Greg also took a personal hygiene class last week, which he says was not really all that personal. He learned about how often he would be able to change clothes (not often enough), how to wash his face (with a large wipe in a foil package) and how to brush his teeth (over a sink with a suction). And at night, everyone floats into their sleeping bag, which has a liner that is changed frequently. “It’s kind of like camping out at someone’s ski lodge,” Greg says. “Everyone just finds a spot – on the wall, attached to the ceiling – and that’s where you sleep.”

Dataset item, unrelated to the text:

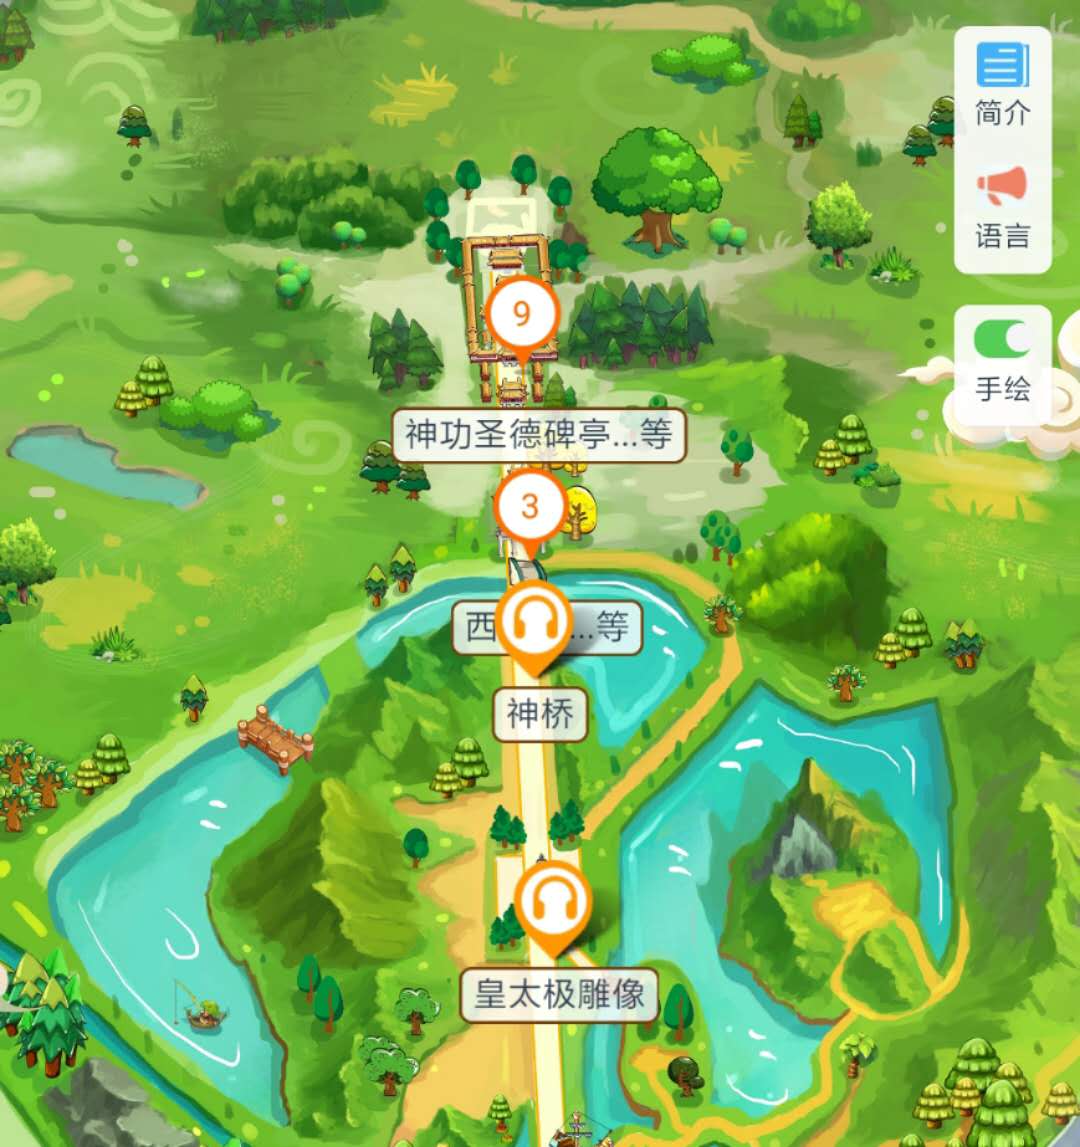 辽宁沈阳北陵公园手绘地图、语音讲解、智能导览.jpg

Last week, Greg passed an exam on the Soyuz communication system. Before any exam, his instructor will schedule a consultation when Greg is free to ask any questions, and the test is then administered the following day. He has had so many tests recently that he says taking them is “getting to be like old hat.” But that doesn’t mean his nerves don’t act up. “Every time, I still get butterflies in my belly when I walk in to that room,” he says. This week, he will be introduced to the massive flight manuals that include every technical detail imaginable about spaceflight. Together, the manuals are about as big as two large phone books. And of course, they’re all in Russian.